We will discuss several topics in this class. Each lecture may consist of two parts. In the first part, the instructor will discuss some basic knowledge, show demos of existing tools (30 mins). In the second part (1.5 hours), we will discuss 2 papers (one student will be presenting - 30 mins / leading the discussion - 15 mins).

A list of papers from top security, system or software engineering conferences (IEEE Security and Privacy aka. Oakland, USENIX Security, ACM CCS, NDSS, OSDI, SOSP, PLDI, ICSE, etc.) are provided for presentations under the "Paper Presentations" column. Usualy, we will have 2 presentations each week. Each student will present 2 papers throughout the semester. Only the presenter is required to read the papers, but it is highly recommended that everyone reads all the papers.

submit reviews for a subset of them, and participate in discussions in class.

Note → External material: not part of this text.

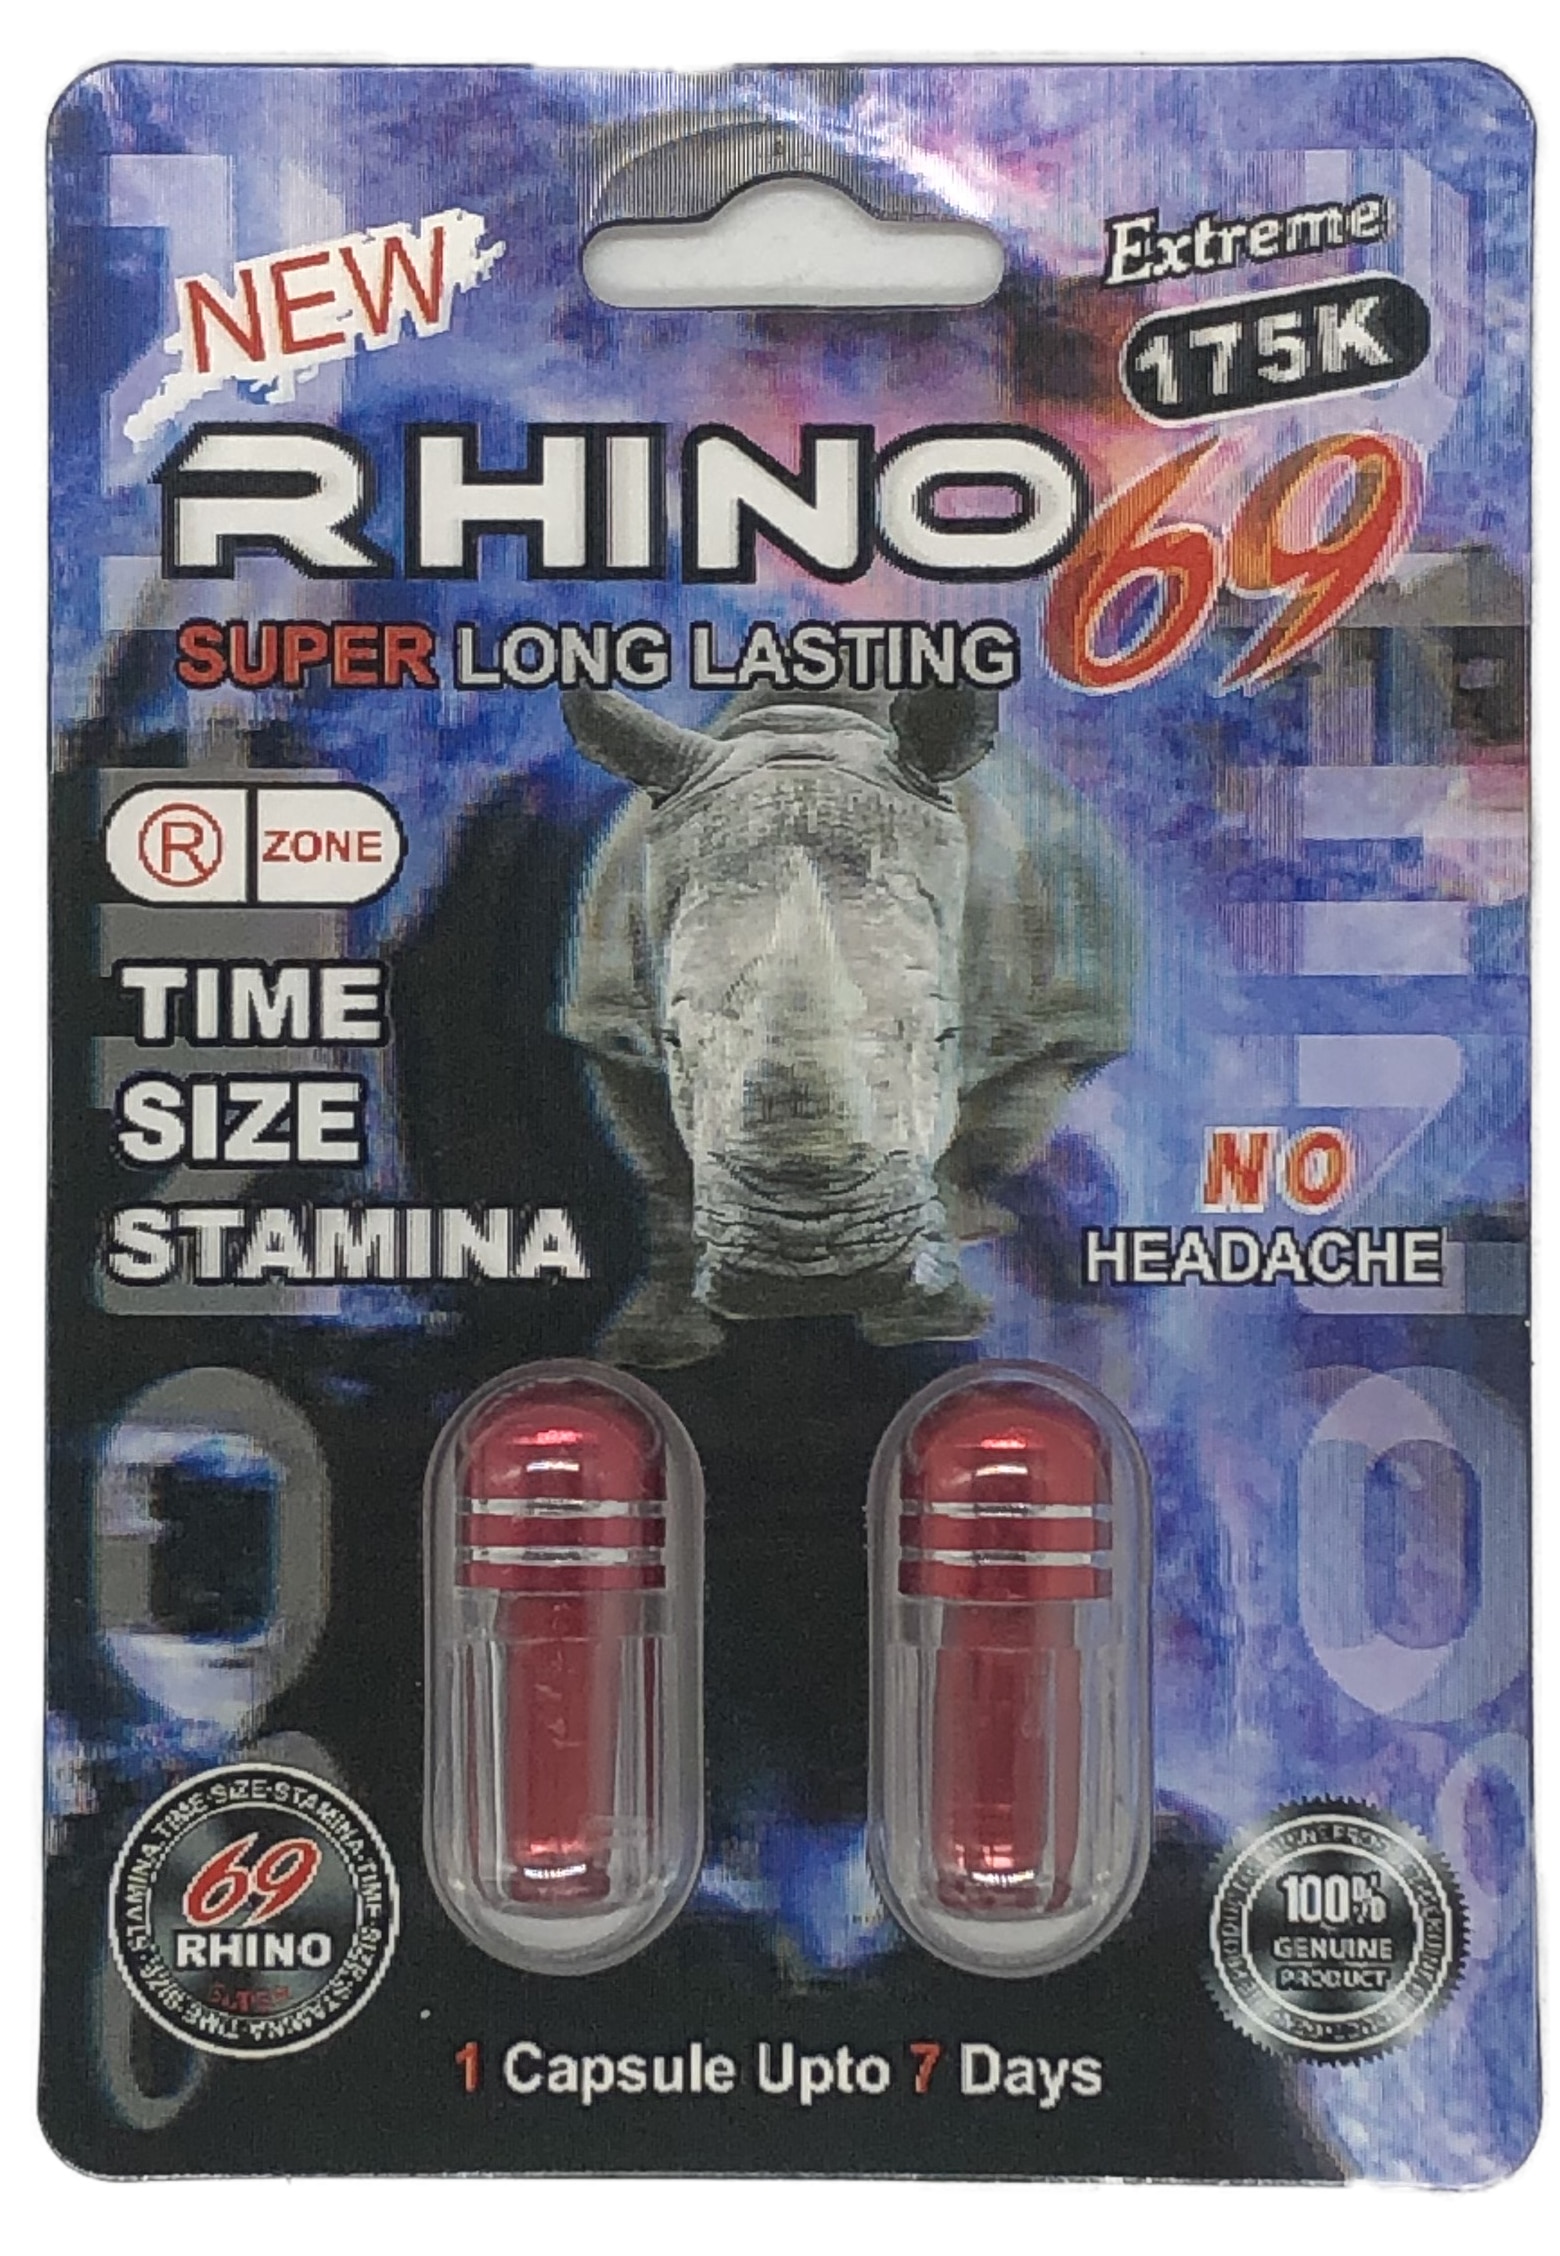 Rhino 69 Double 175k Pill Male Enhancement Sexual Supplement Platinum.
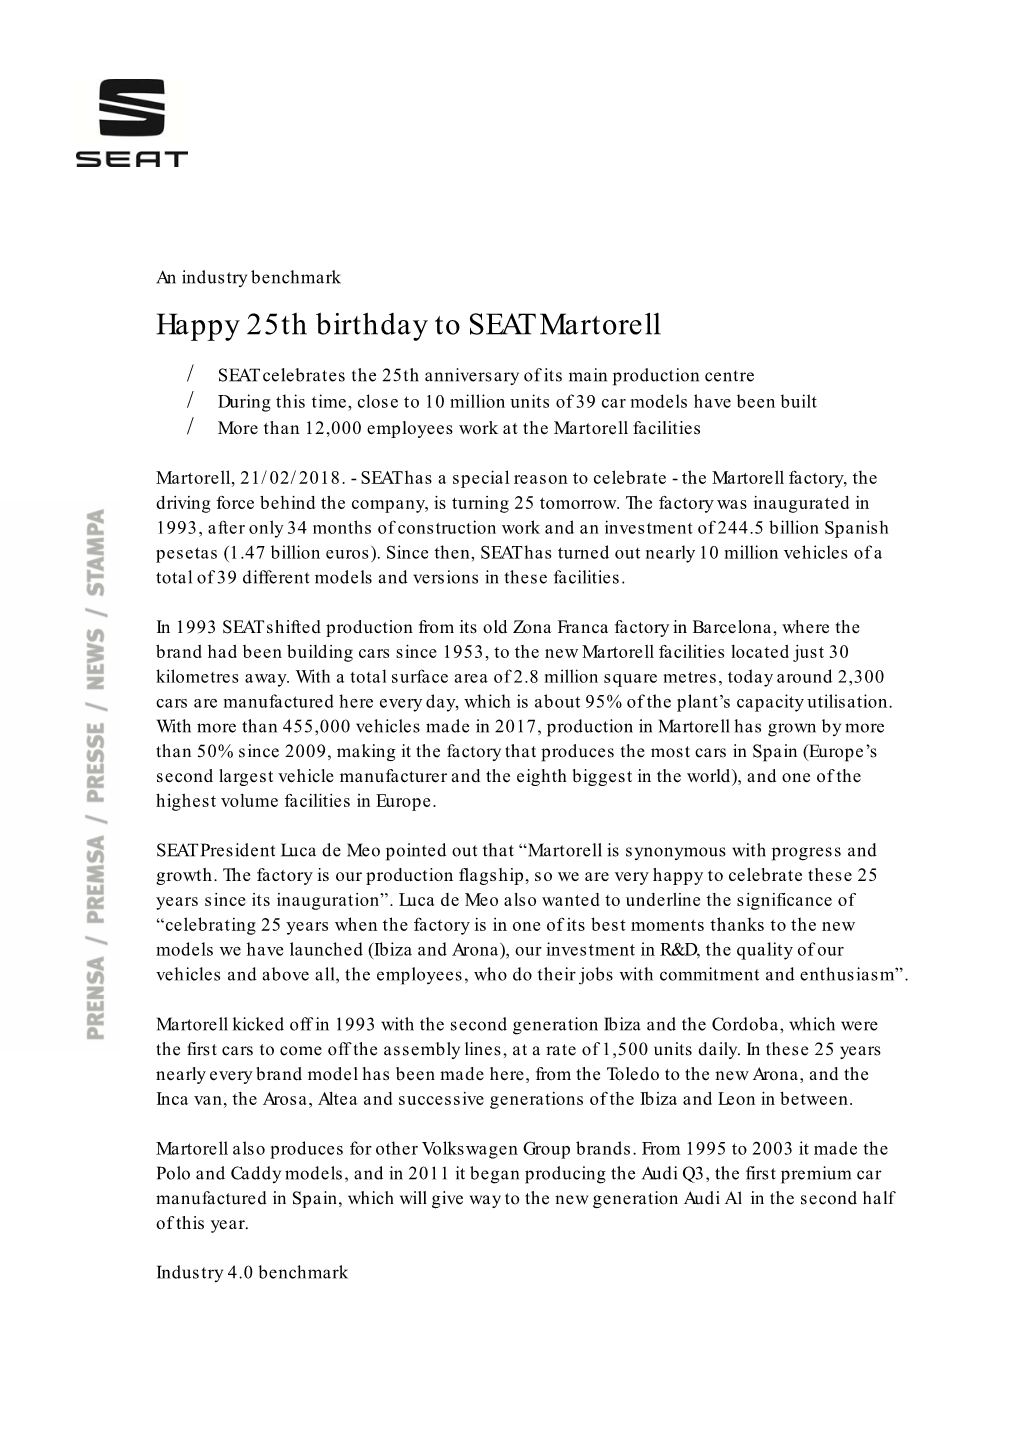 Happy 25Th Birthday to SEAT Martorell

One paper for each topic will be listed as "Reading Assignment". All students are required to read all the papers in this column. These papers are mostly survey, SoK, or managzine papers from top venues (Oakland, CACM, TSE, etc.).


The course includes the following assignments:

  1. Paper reading. Please first read "How to Read a Paper" by S. Keshav.

  2. Class presentations: Each student will present 2 research papers throughout the semester. To better prepare for the presentation, you are required to do the following:

    1. Email me your answers to the talk preparation questions 3 days before the presentation.
    2. Email me your slides 3 days before the presentation.
    3. You can find a set of recommendations on how to give a good presentation here.

  3. Paper reviews: you will write reviews for 3 papers (you will choose which ones). The template of a review can be download here. You can find a set of recommendations on how to write a good reviews here and some high-level guidelines here.

  4. Course Project: 3-credit student will participate in a course project and give a presentation on the last class.

  5. Homework: students will finish some homework.